Nobel was a pacifist throughout his life. He despised the fact that the world identified him as an immoral man who profited from the development of violent tools capable of death and injury. Near the end of his life, having no descendents, he decided to leave his wealth in the form of a fund that would award prizes to those “… who, during the preceding year, shall have conferred the greatest benefit on mankind …” in chemistry, physics, medicine and literature. He also specified an award to “… the person who shall have done the most or the best work to promote fraternity between nations, for the abolition or reduction of standing armies and for the holding and promotion of peace congresses …,” the award for which Gore was honored.
The Office of Historic Preservation of the California Department of Parks and Recreation designated the first location of the Giant Powder Company in Glen Canyon as California Historical Landmark Number 1002 in May 1991. The description can be viewed here (scroll down to No. 1002).
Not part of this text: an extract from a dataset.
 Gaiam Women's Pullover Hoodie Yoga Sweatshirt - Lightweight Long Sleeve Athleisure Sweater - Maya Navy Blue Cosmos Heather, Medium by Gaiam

Newspaper accounts of the November 1869 explosion note the location to be “… near the base of a large hill …” and “… near the old county road to San Jose …” (now Interstate 280) and “… nearly half way between St. Maryʼs College and the Industrial School,” (now St. Maryʼs Park off Mission Street and City College, respectively). In History of the Explosives Industry in America, first published in 1927, the location of the factory is narrowed to the location of the current Glen Park recreation center and playground, “… in the Park Terrace section west of Burnside Avenue between Chenery Street and Bosworth Street …,” a description that would place it in the baseball field. A grainy photograph that accompanies this proposed location makes it impossible to decipher its true location. However, the authors purport the location is substantiated by a May 1927 letter from F.W. Wallace of San Francisco, who had made several trips to the factory in his youth.
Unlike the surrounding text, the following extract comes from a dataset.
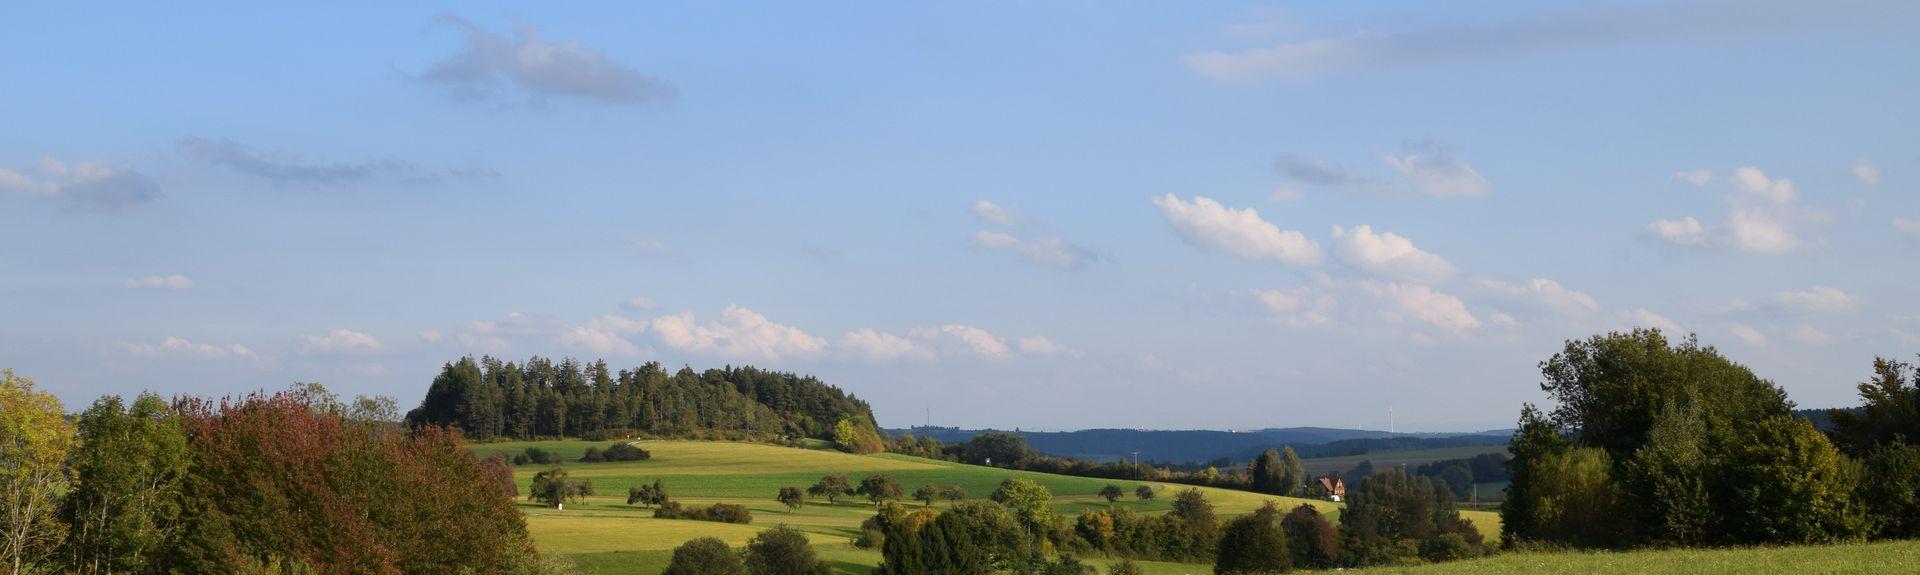 Pfalzgrafenweiler, Germany
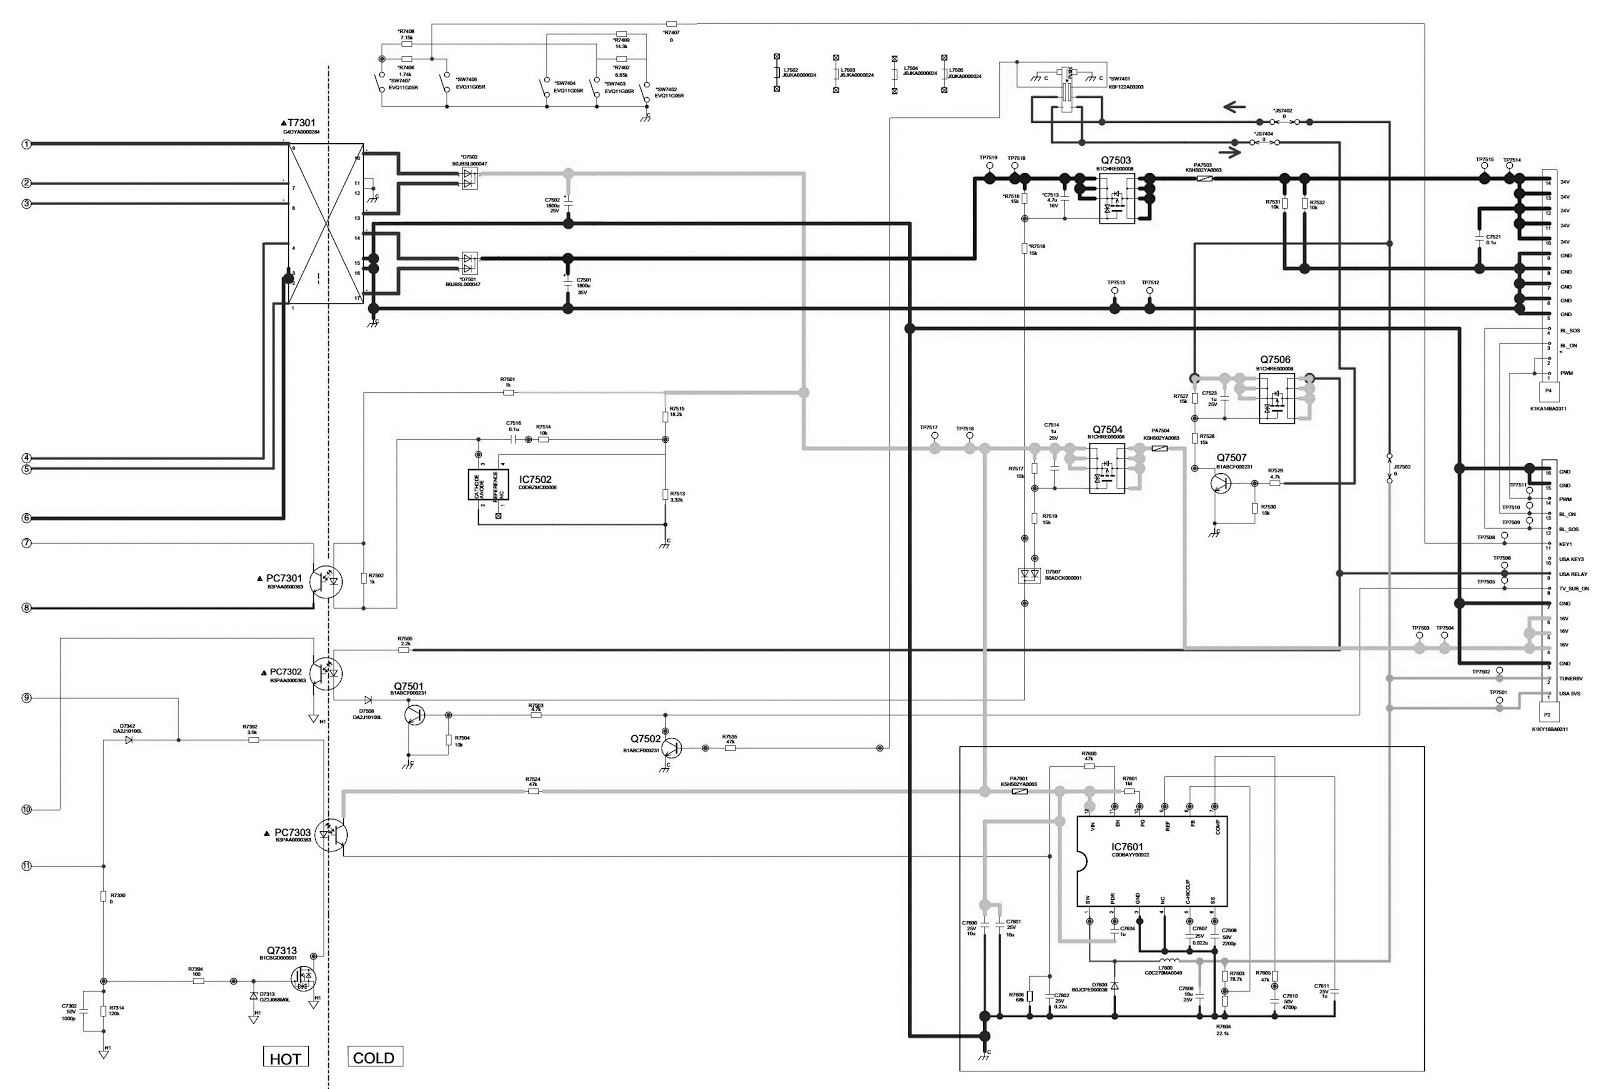 TNPA5364BJ  SMPS SCHEMATIC     PANASONIC       TH    L32X30C  LCD TV   Electro help

A recent episode of “Eye on the Bay” (CBS5) noted the plaque for the landmark could not be located. While permission was granted by the San Francisco Landmarks Preservation Advisory Board to allow the nomination of City property as a landmark in January 1991, a concerted effort was never undertaken to place a plaque at the physical location. According to the State Office of Historic Preservation (as of May 2006), an official plaque could be placed at the site for $2,875 plus tax and a $100 freight charge. It is not clear what is included besides the plaque, including installation, and whether it includes signage directing passersby to the area. It also not does include the cost of plaque maintenance.
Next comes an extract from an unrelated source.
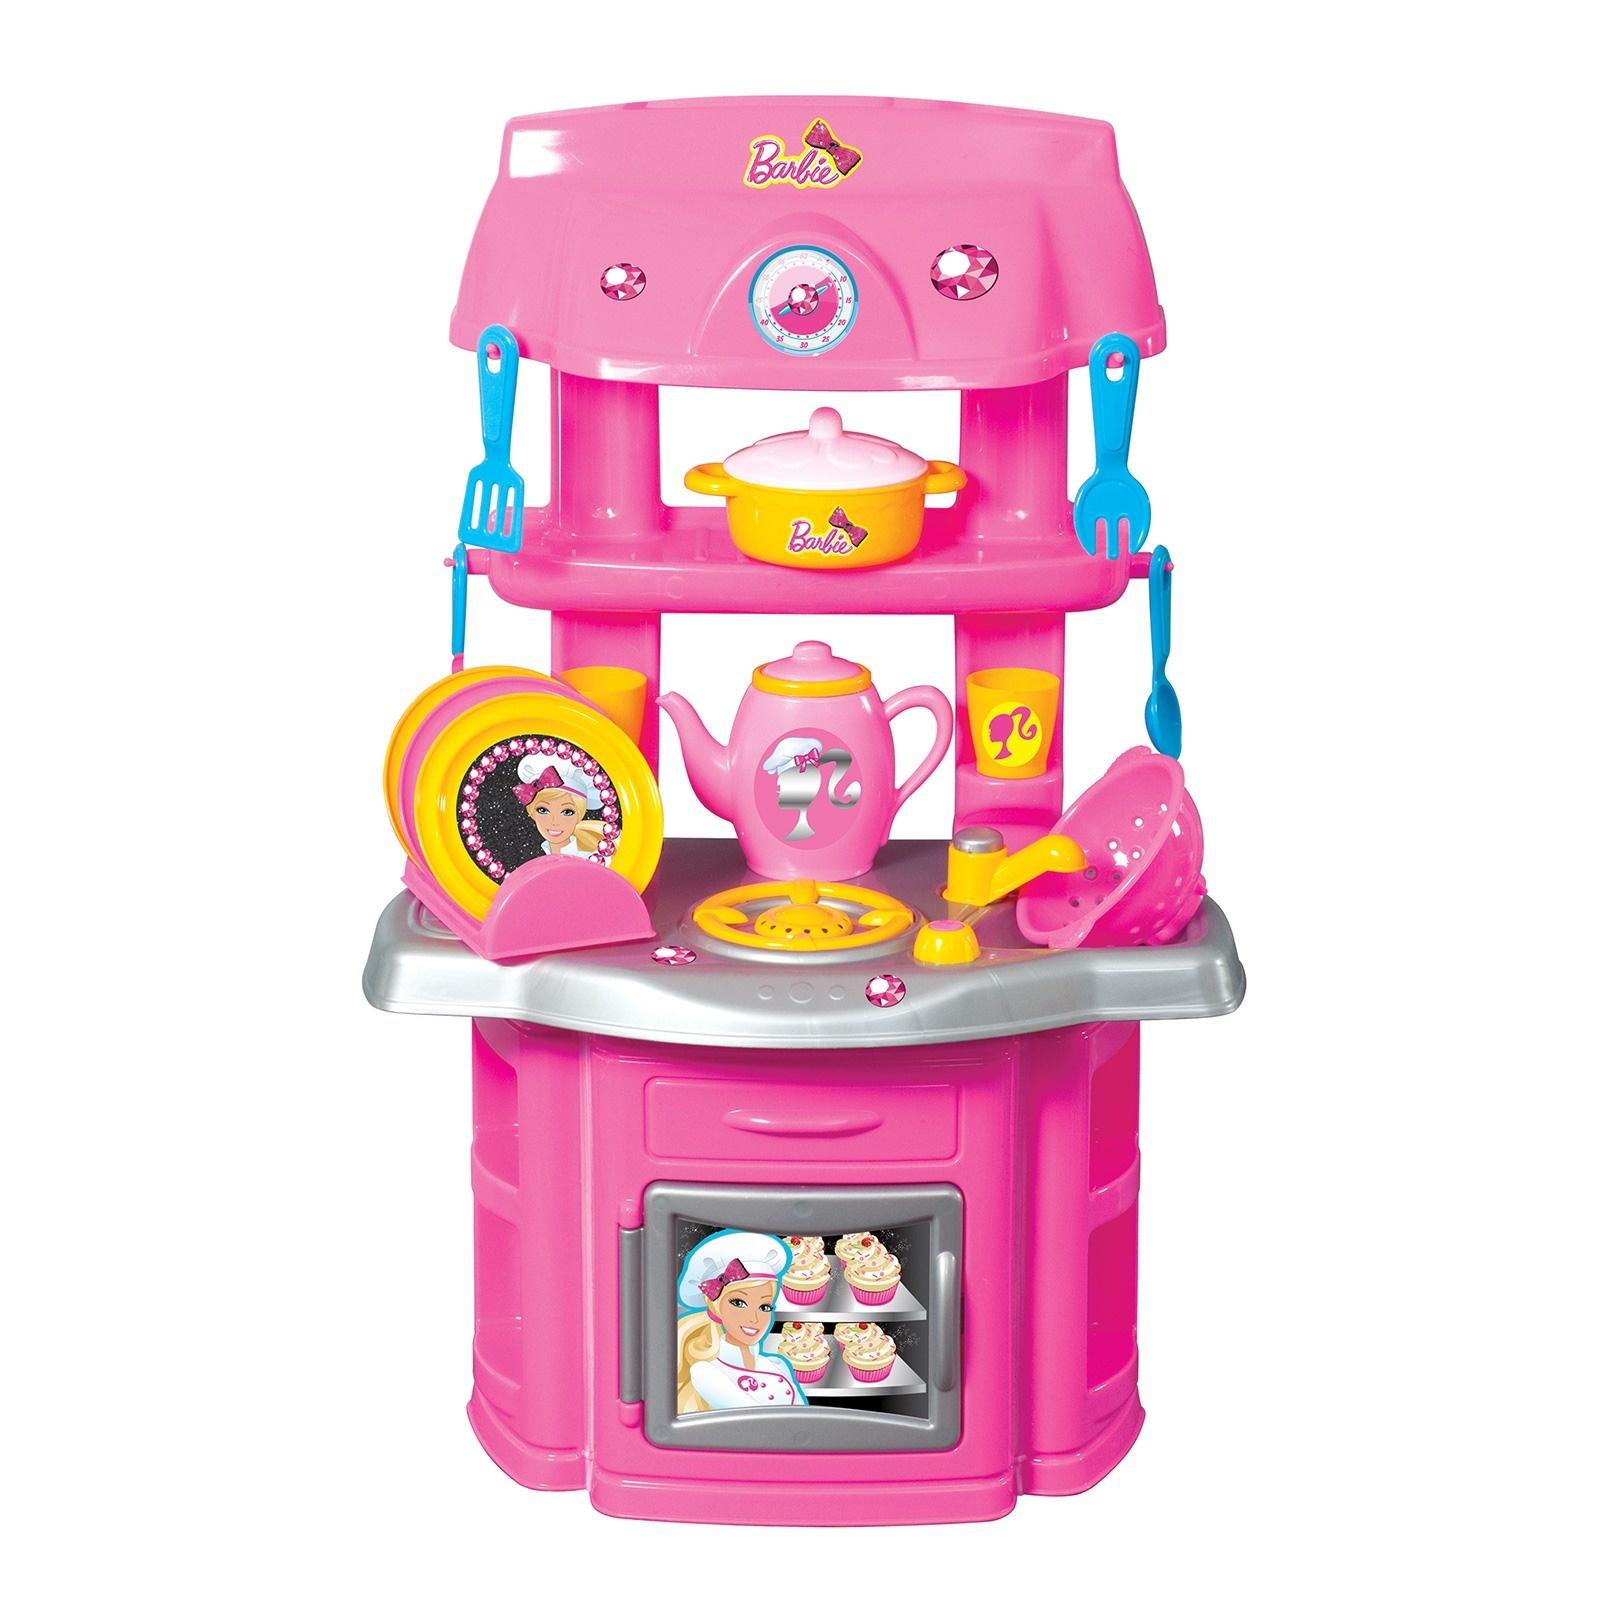 Dede barbie chef kitchen set

Our cultural values have changed dramatically in the past 140 years and we generally now want to protect rather than tame nature. It is clear how the inventions of Alfred Nobel and the accumulation of wealth that ensued established the most prestigious award in the world—the Nobel Prize. However, given the nature of the history of dynamite, some residents may consider the local association our own “inconvenient truth.” Community discussion is warranted and, in the end, the residents of Glen Park should be responsible for the decision of whether placement of a plaque is appropriate.